Clients often want to know if there are any out-of-pocket costs. That’s a big question that comes up. And the answer to that is no. It’s very simple. If there’s any money involved in the case, checks only go in one direction, from the lawyers to the clients and not the reverse. 

The client will never come out of pocket for anything. All the money in the case comes through the lawyers, and the clients don’t have to lay out anything. If there’s no recovery, there’s no fee.

Q: What is your approach to working with patients and families affected by asbestos?

Samuel Meirowitz: Our firm’s mission is very simple. It’s to get the best result possible for our clients and provide the most supportive environment. Our commitment to helping individuals is to make them feel like we’re an extended part of their family. They should feel cared for, and like they have advocates who will zealously fight for their rights and get them the best results possible.

Daniel Wasserberg: We want everyone within the firm to feel like a family and part of a team working for the greater good. And our goal is to try to treat people the way that we would want our mother or father treated if they were the client, and I think that makes all the difference in the world. I really do. If you treat people like you would want your mother and father treated, you can’t go wrong.

Q: What made you want to become a mesothelioma lawyer?

Samuel Meirowitz: The motivation for being a mesothelioma lawyer is to level the playing field and represent those who are most vulnerable and need representation but can’t necessarily afford to hire a top lawyer. Because of the way we’re structured, these folks can get the best representation without having to come out of pocket for it. And so, we get to help people that need our help the most. And that’s the part that’s most fulfilling for me.

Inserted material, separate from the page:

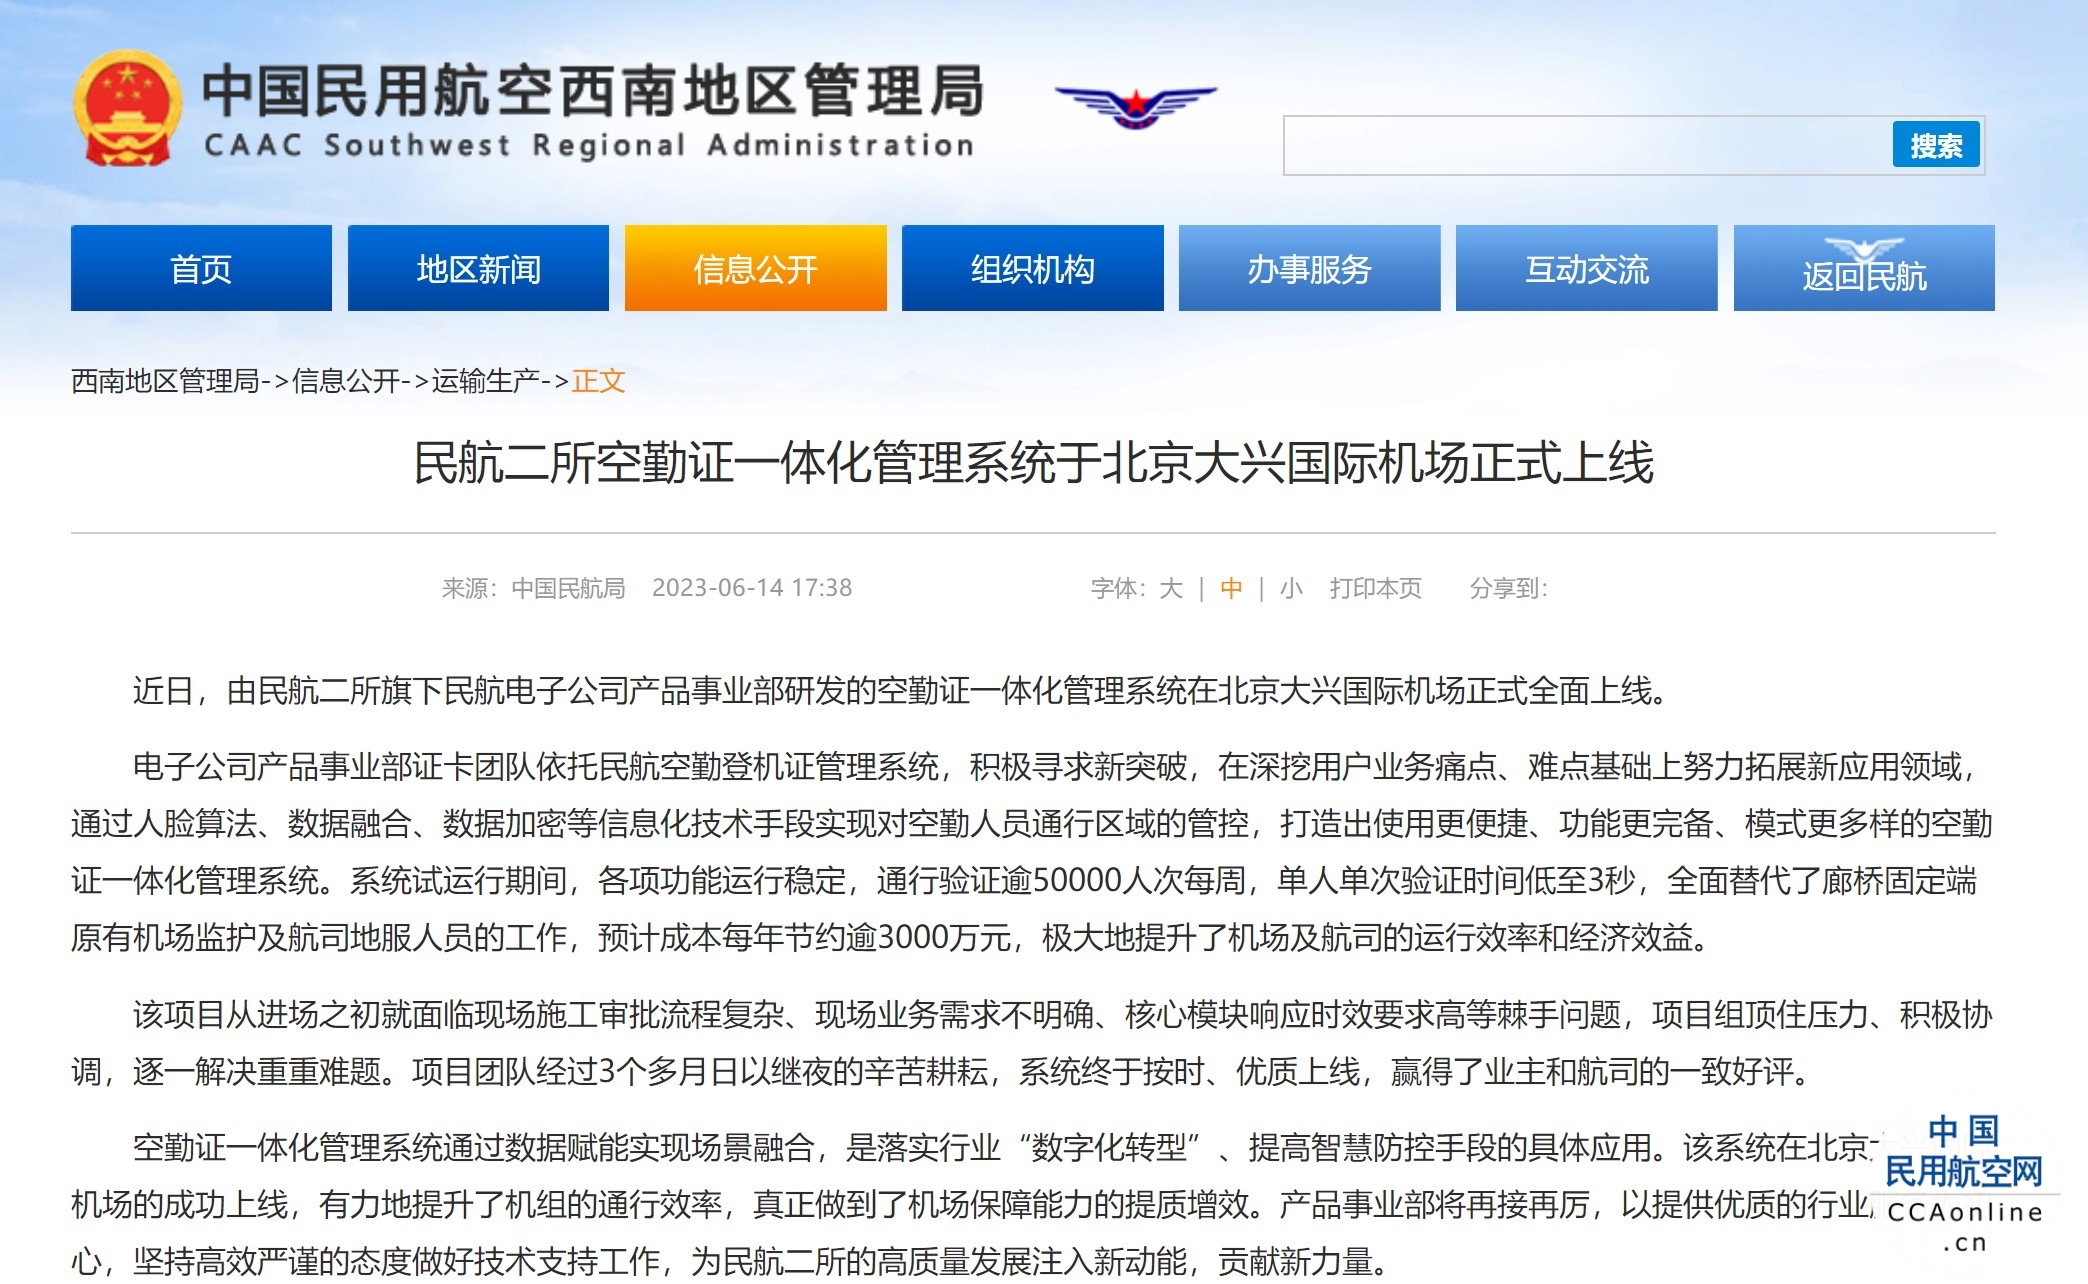 民航二所空勤证一体化管理系统于北京大兴国际机场正式上线
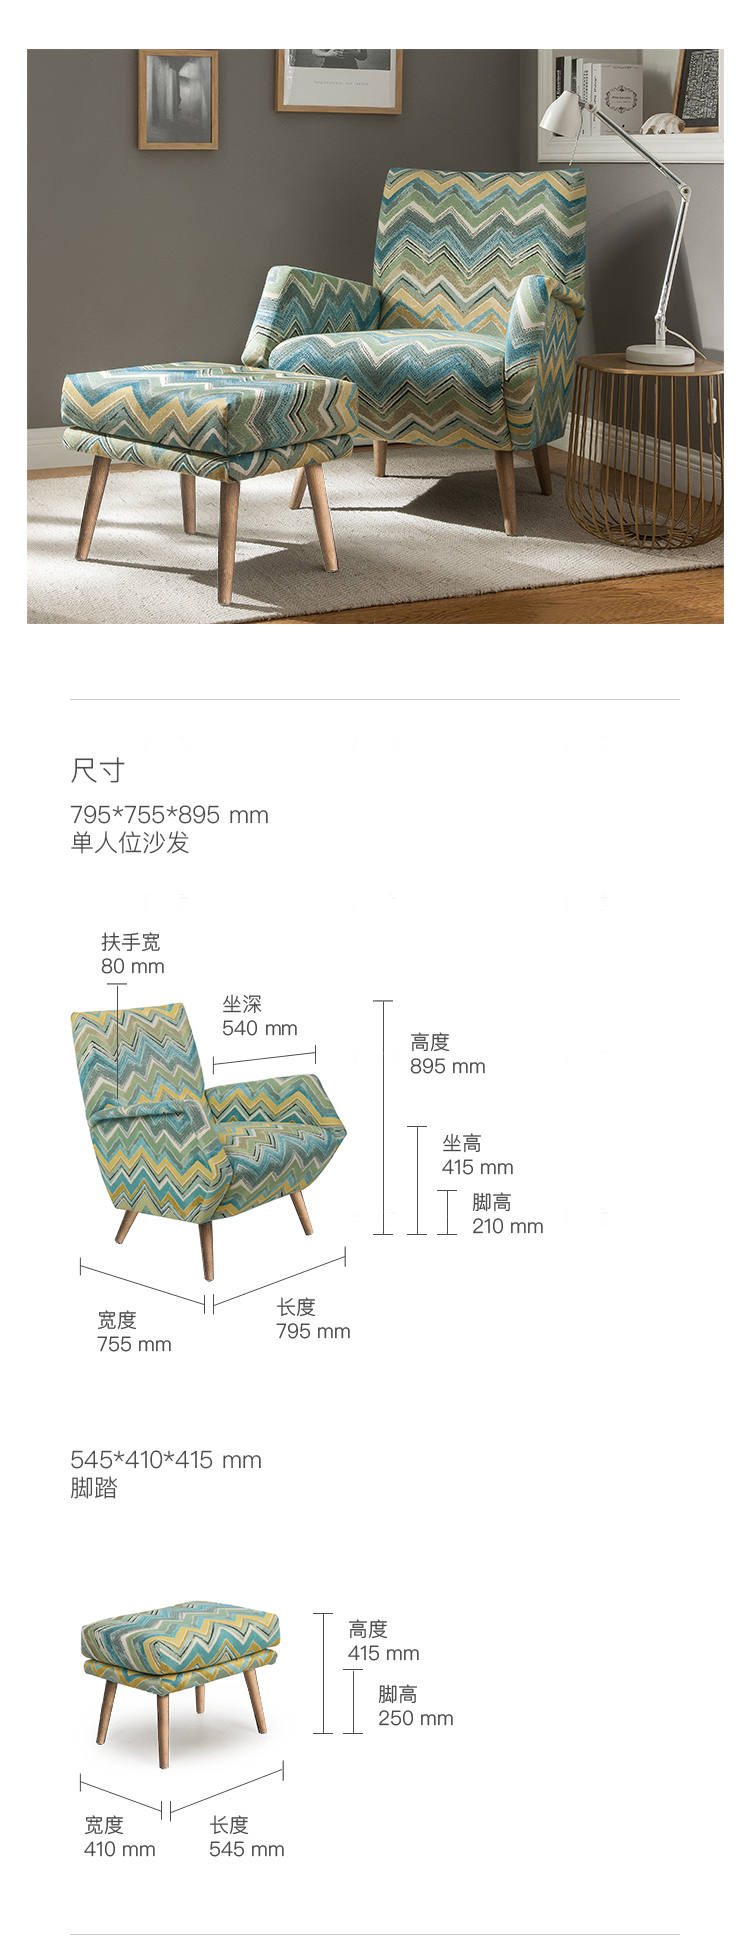 原木北欧风格未绪休闲椅的家具详细介绍

It’s like slaying a dragon. It’s David vs. Goliath. It’s empowering people who don’t have a voice to have a very powerful voice. That’s the part that motivates me. That’s the part that makes me want to fight for them.

Daniel Wasserberg: I really do this work because I want to help people. I didn’t become an asbestos lawyer to make money. Of course, it’s my job, but I do this work because I love helping people. Ever since I was a young lawyer working on some of my very first cases back in Texas, people told me, “I can tell you really care. Don’t lose that as you go on through your career.” And I try to continue to live up to that, because my thinking is: If you don’t know your client, then you don’t know what you’re fighting for. 

Mesothelioma victims are walking the line between life and death. It’s not a contract dispute. It’s more like, “I may be dying, and I want to know my family’s going to be taken care of.”